(Data extract begins)

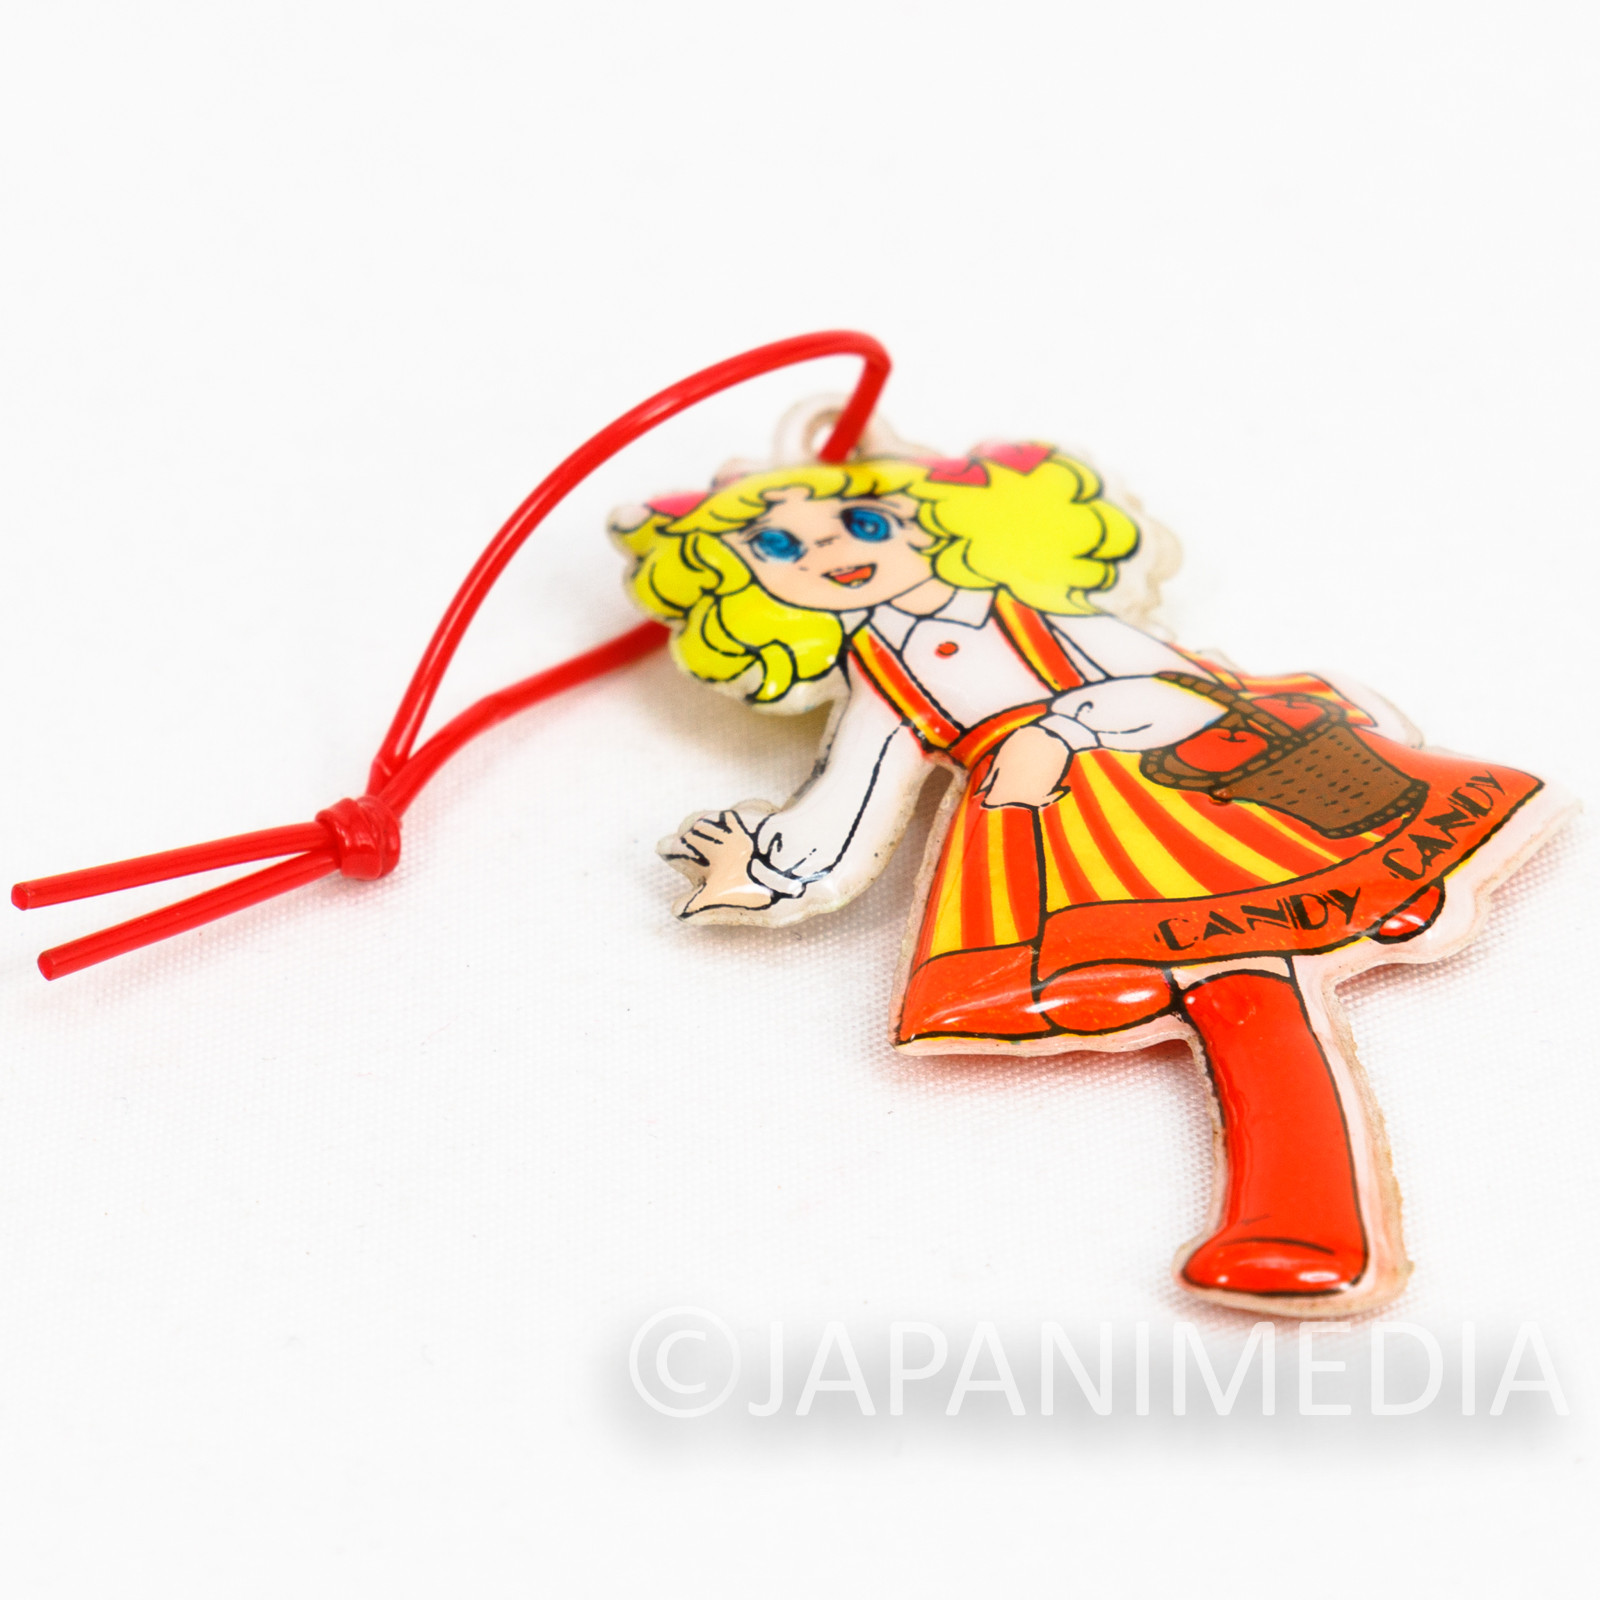 Retro RARE! Candy Candy Vinyl Mascot Strap POPY
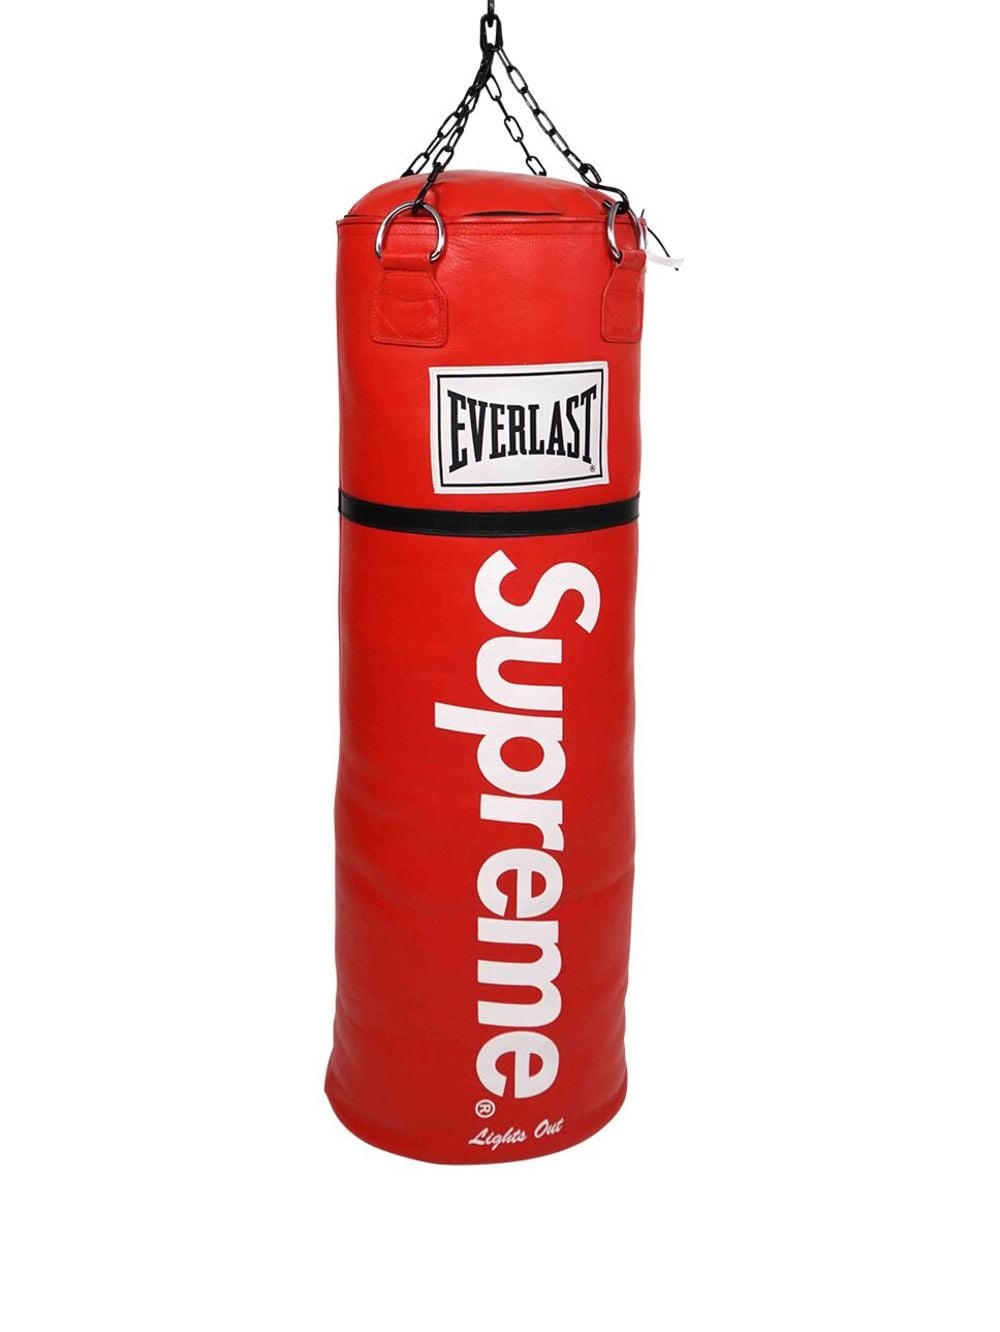 Supreme x Everlast leather heavy bag - Red von Supreme
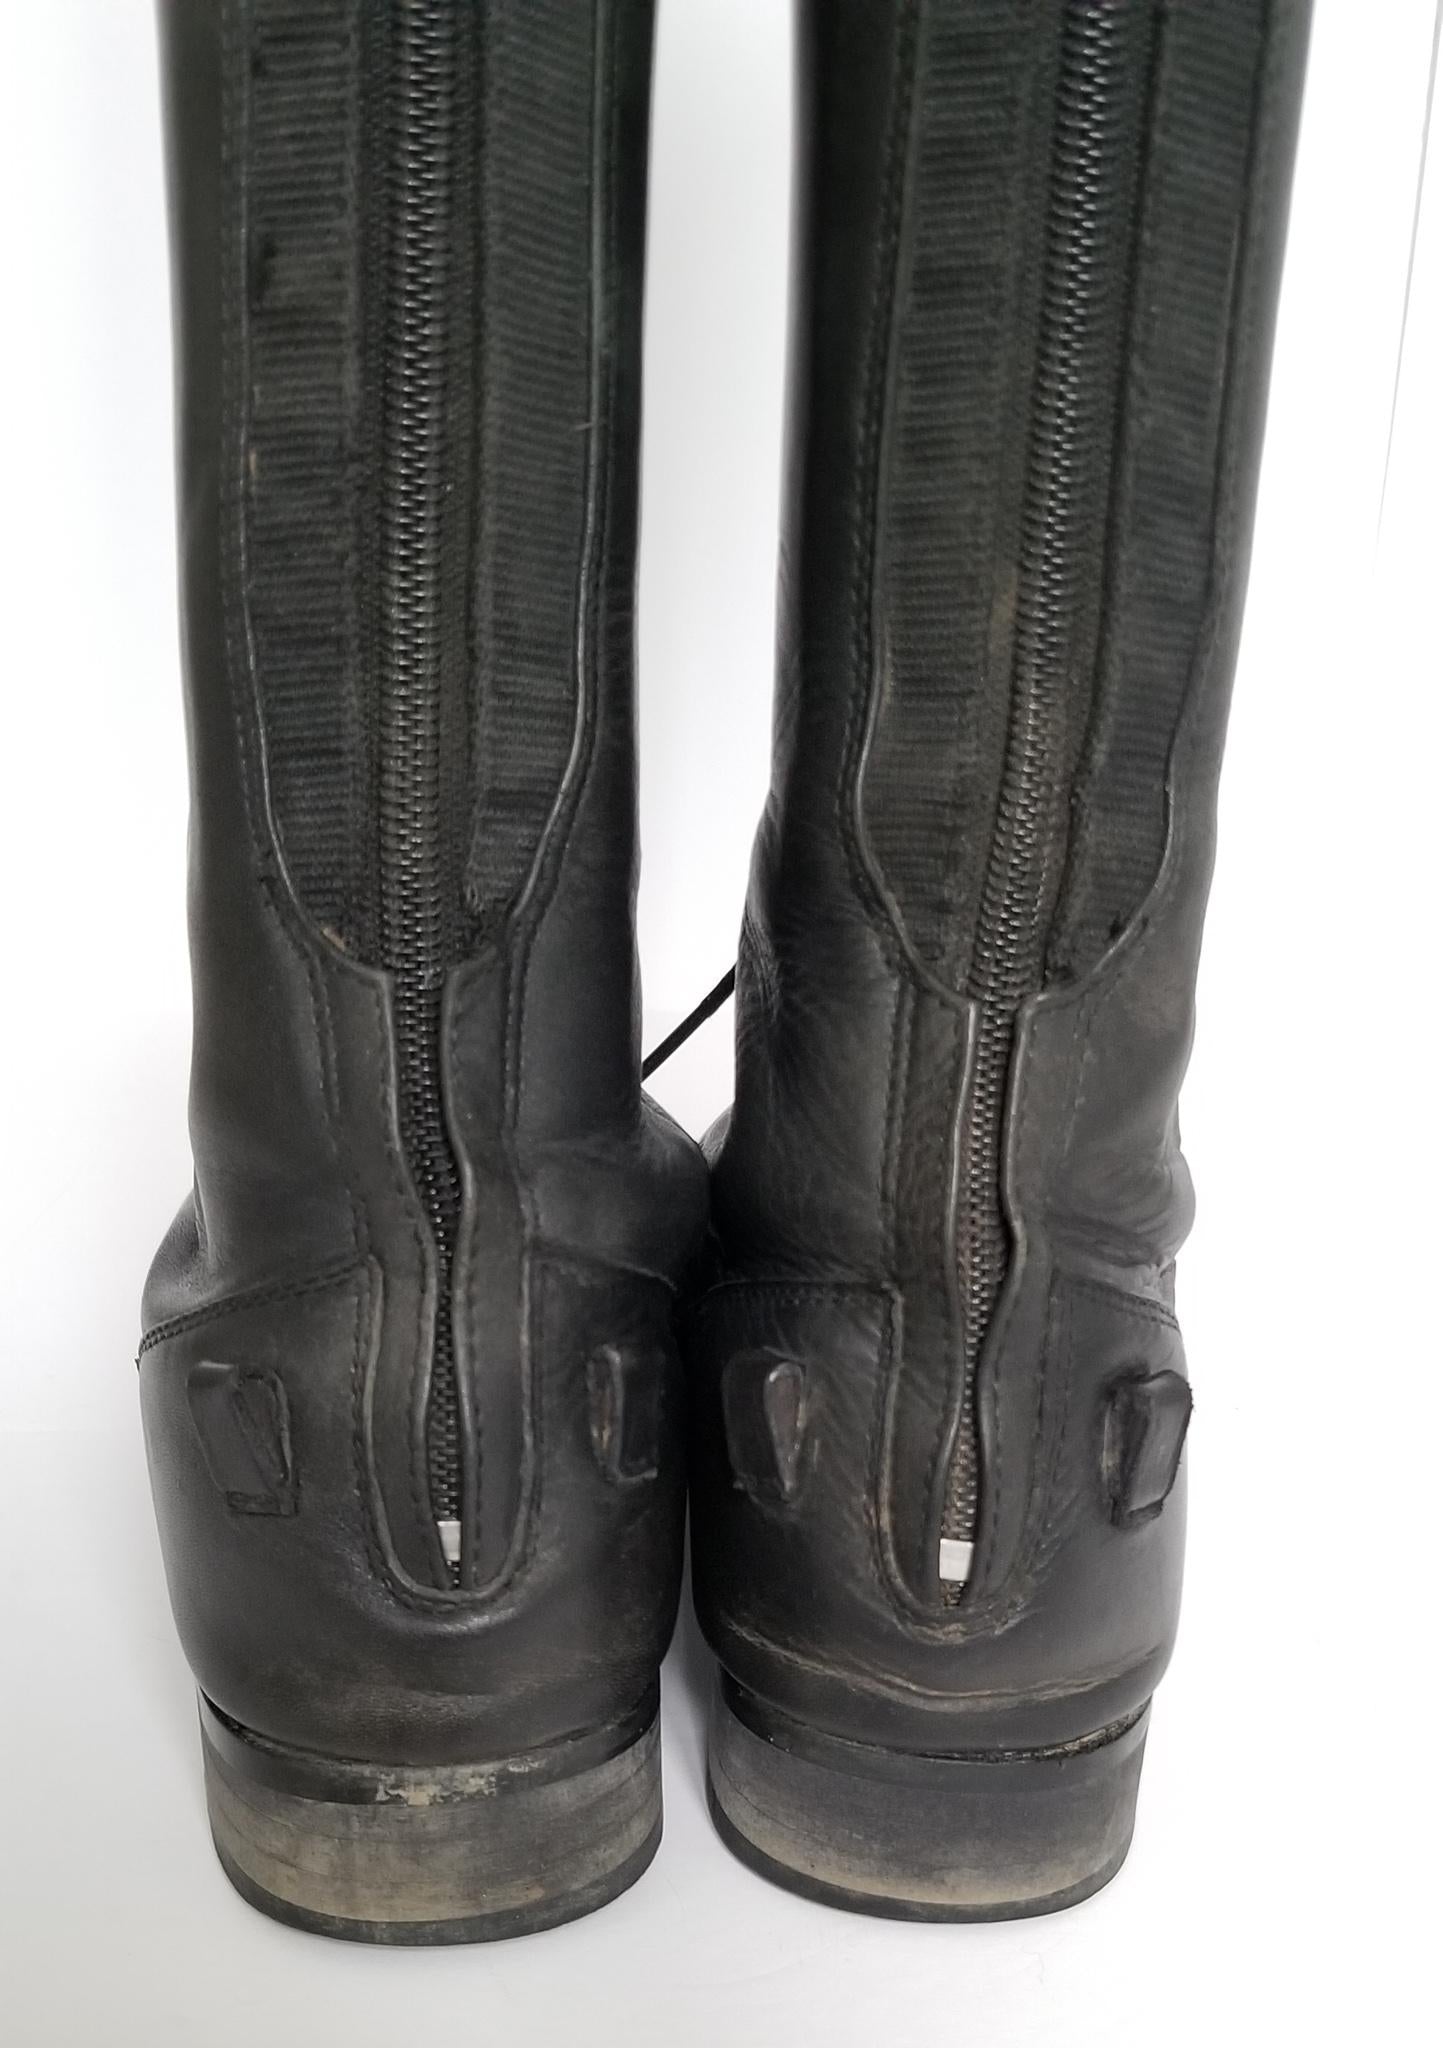 Treadstone Tuscany Field Boots - Black - Women's 8.5W

(Data extract ends)

Work order:
The aim is an exact repeat of the entire listing, stripped of pictures.

Worked solution:
 Retro RARE! Candy Candy Vinyl Mascot Strap POPY
 Supreme x Everlast leather heavy bag - Red von Supreme
 Treadstone Tuscany Field Boots - Black - Women's 8.5W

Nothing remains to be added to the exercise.